There are more than 70 subtypes of sarcoma—many of which are not well understood at all. Even with advances in technology and leaps forward in cancer treatment generally, developing treatments for such a diverse group of cancers remains challenging.

Despite these challenges, there are already signs of more targeted future therapies for rare cancers.

Advances in treatment

At the Institute of Cancer Research, London, we have led a number of studies into sarcomas, including research into a novel combination treatment for an otherwise incurable cancer in children.

More recently, ICR researchers have discovered a novel mechanism of targeting a rare, but aggressive, sarcoma affecting predominantly young people. This research will hopefully be translated into the clinic—improving outcomes for these patients.

As part of the International Sarcoma Kindred Study (ISKS), a project led by researchers in Australia, the ICR have also helped understand genetic mutations that increase the risk of developing sarcomas.

Studies like this collect genetic data from a diverse range of patients, which is helping us begin to understand the possible link between inherited mutations and sarcoma risk—helping us to treat these cancers in a more targeted way.

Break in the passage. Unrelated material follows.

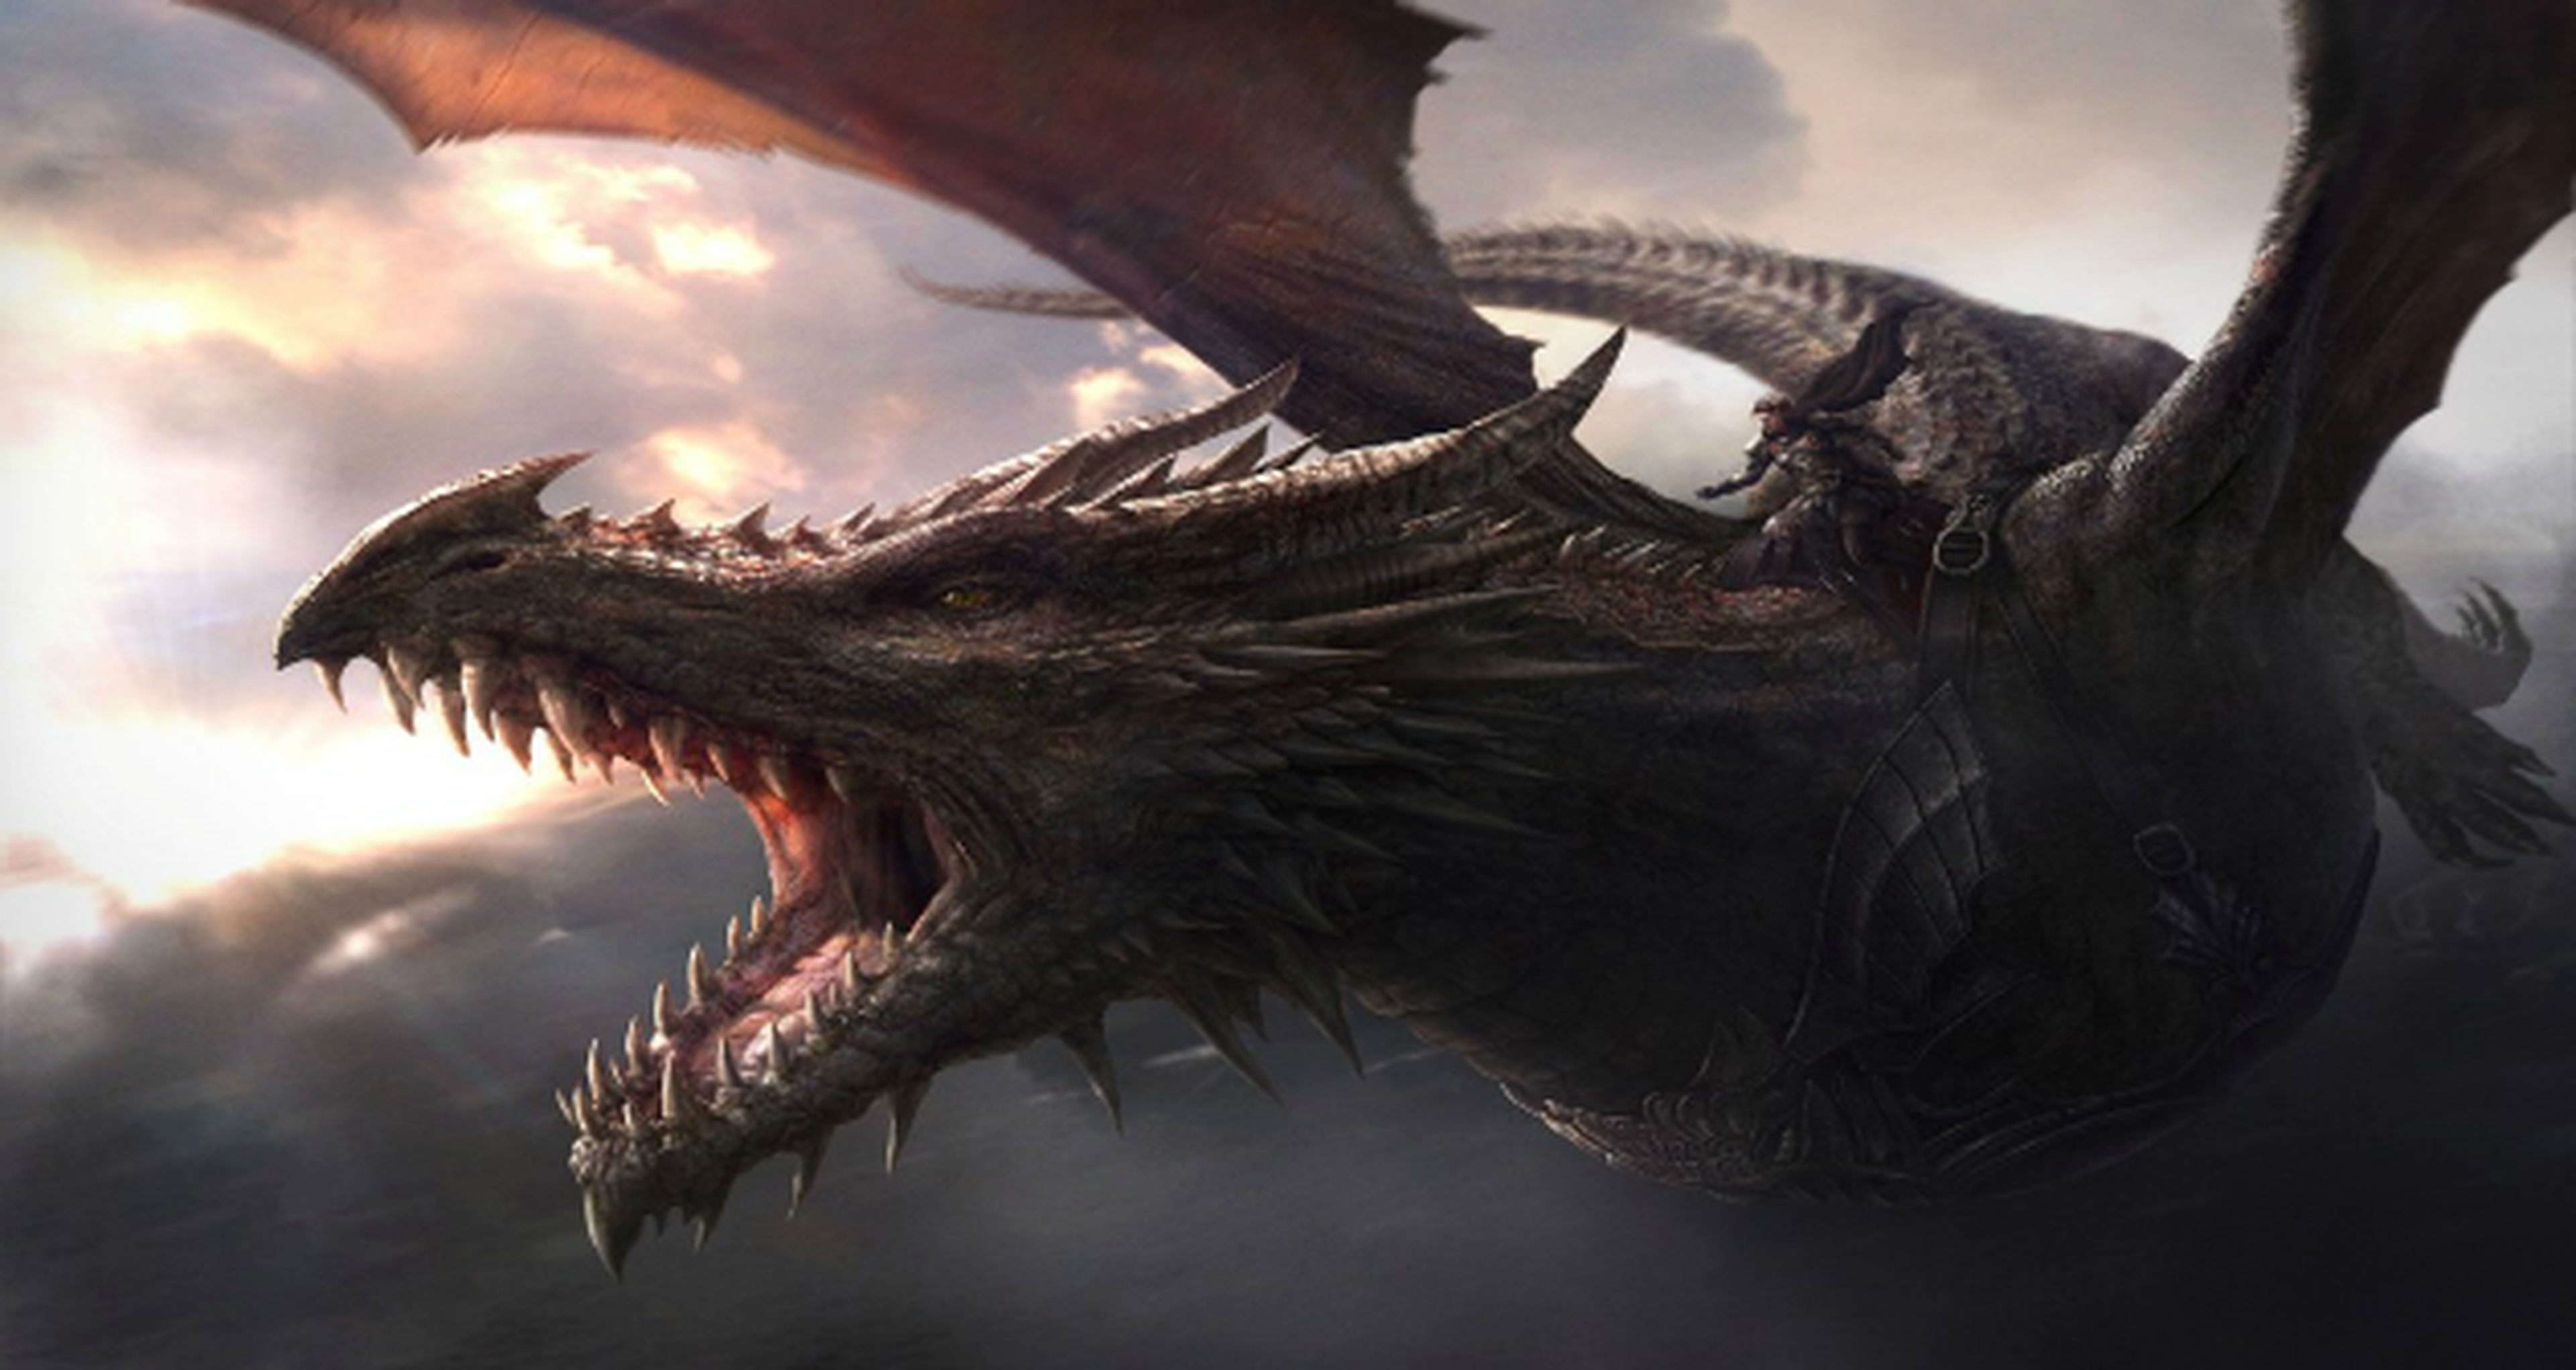 Comparativa de tamaño entre dragones del cine y videojuegos

Selecting patients by their tumor genetics

A more routine and integrated approach to genomics in research and health care will be key to improving outcomes for patients with rare cancers.

By placing patients in different groups, or sub-types, based on the mutations in their cancers, we can select the targeted treatments that are most likely to work for each person.

Increasingly, we are moving toward treating patients according to the particular set of genetic mutations in their cancer rather than simply on the location of their tumor. But, moving fully to such a precision medicine approach will require significant changes in how we diagnose patients and monitor them during treatment.